Red flag 1: Application
It didn’t start well. The advert required a full application form to be done, down to every single education institute, qualification, training course and job I’d ever had and then a lengthy personal statement on top. I’d forgotten how much I hated doing them, and how in 6 months and gaining 5 new clients, none of them had required it. It’s really made me realise how little value they can have – yes you can see I have continuous employment, but is that any guarantee I’m any more or less dedicated than anyone else? I may have done some great training courses – but it doesn’t tell you if I’ve got anything of the right approach. And do you really care whether I got A*- C GCSEs more than 20 years ago? It took me forever. Partly because it was so long. And partly because I got full of rage so often I had to stop.
Reg Flag 2: Lack of Clarity
I got a thanks-but-no-thanks reply but in it was the request of a quick Teams call to discuss what I offered. A mixed message I wasn’t sure how to receive. And the Teams call didn’t really help or clarify anything. I heard a fair bit about what their current training offer is, including some of their aspirations for their training and what their trainers would have. They were looking for both training experience and personal or professional experience of some of their services, and at the same time admitted it was fairly unlikely. We went over my offer and my experience and all its transferable qualities. The meeting felt patchy and uncoordinated but it ended with the contact requesting I send over two course outlines so they could see my offer in more detail and compare it against other people they were speaking to. My sense of a red flag had worsened, but my new year was still looking dry, and if I was taken onto their schedule, it could offer a rare thing for a freelancer – regular work with regular income over the longer term, not just with this organisation but their set-up meant I may also be offered work with other organisations. Plus, I really did want to do more training because I’ve always loved it.

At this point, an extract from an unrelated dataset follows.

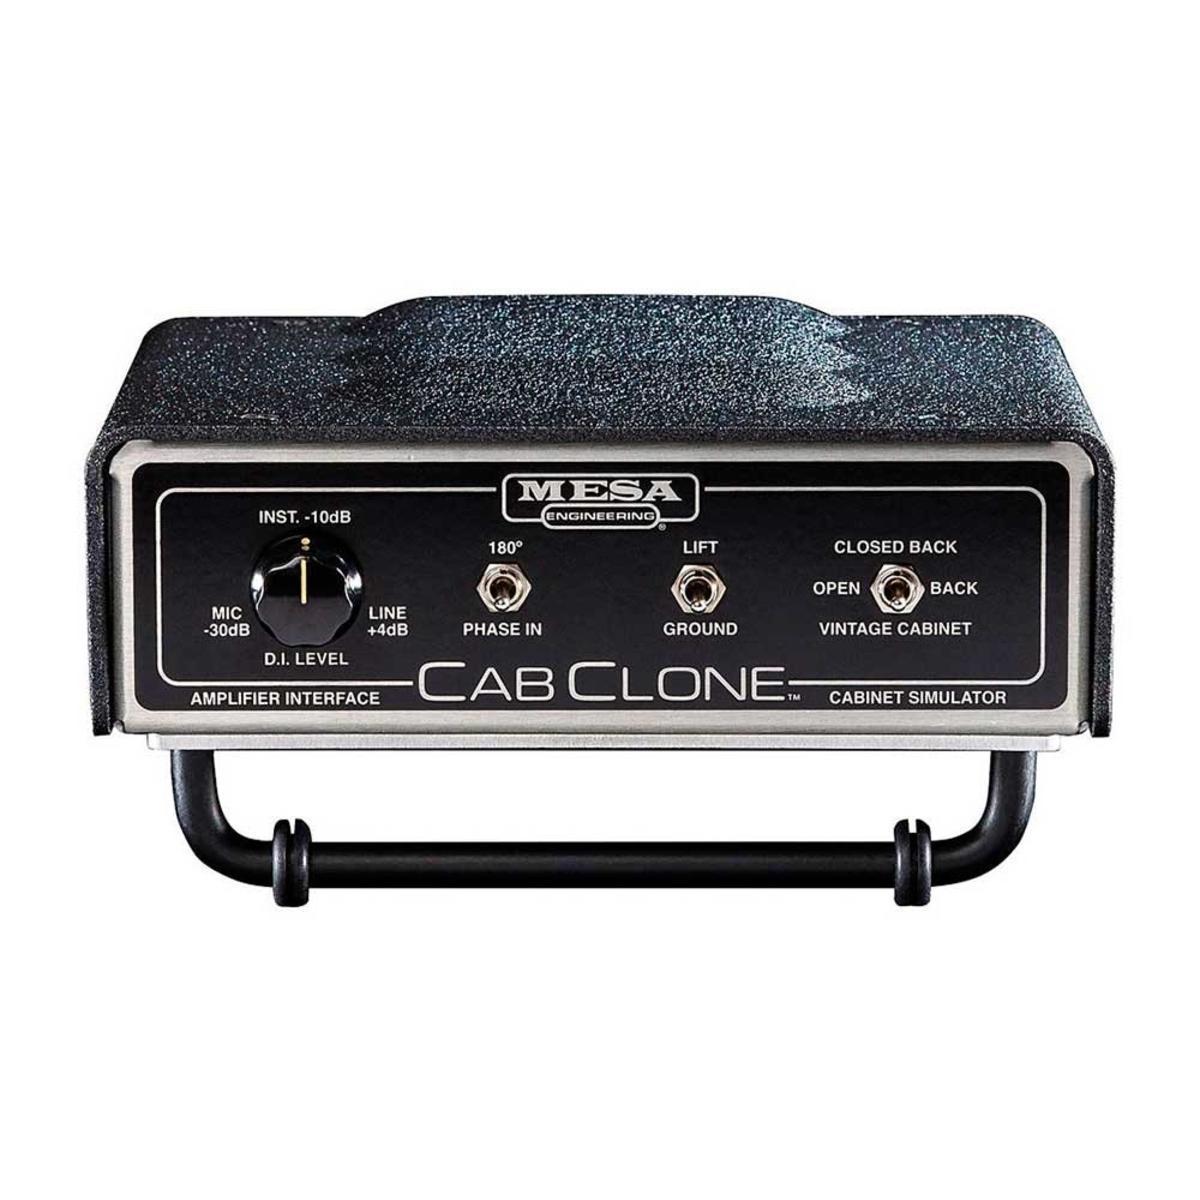 Симулятор гитарного кабинета Mesa Boogie CABCLONE - 8 OHM

Red Flag 3: Upfront Investment
So I diligently put together the course outlines, in time I didn’t really have spare. Plus because I’d never delivered those specific topics before, it was a fair amount of effort to research, design and put together a pretty detailed course outline for what I would be delivering. At this point, I recognised I’d put in several days’ worth of time into this application, and it was feeling really unbalanced for where I was in the recruitment process. The red flag continued to grow, but I was invested. I’d also convinced myself in developing the course outlines how much fun I’d have delivering them.
Red Flag 4: Decision-Making
After receiving the initial confirmation of receipt, I waited. And waited. The initial week passed where they said they’d be speaking to another candidate, and nothing. I gave it another week and enquired. They were hugely apologetic and blamed the bureaucracy of it having to go through senior managers, and there was a difficulty getting everyone together. I think I knew then it was a no-goer. But I was polite and asked them to keep me updated. Another 3 weeks later, I took a course I knew was very relevant to them and could improve interest but really I think it was an excuse to get an answer. I’d already accepted it wasn’t going to happen, but I did want closure. Similar response to the previous.
Red Flag 5: Communication
It’s now been further 6 weeks with no contact. It’s fine not to be successful, and if they came back now and said let’s go, I’m not sure I would because the lack of communication has been so bad. Not to recognise the effort people have put into submissions, or their likely frustration at the lack of news. I once heard someone say, “no response is still a response” and this is exactly that. For whatever reason they’re not progressing with me, or even expanding the training programme as a whole, but they haven’t got the coordination/decency to say. Meanwhile I’ve wasted a lot of time, including some precious evenings, to squeeze it in.
Onwards and Upwards
Lesson learnt. Listen to the early red flags before you get in too deep. Be really careful about how much you invest before there’s any certainty. Also, blackmark the organisation for future reference, definitely not one to get involved in without a huge amount of caution.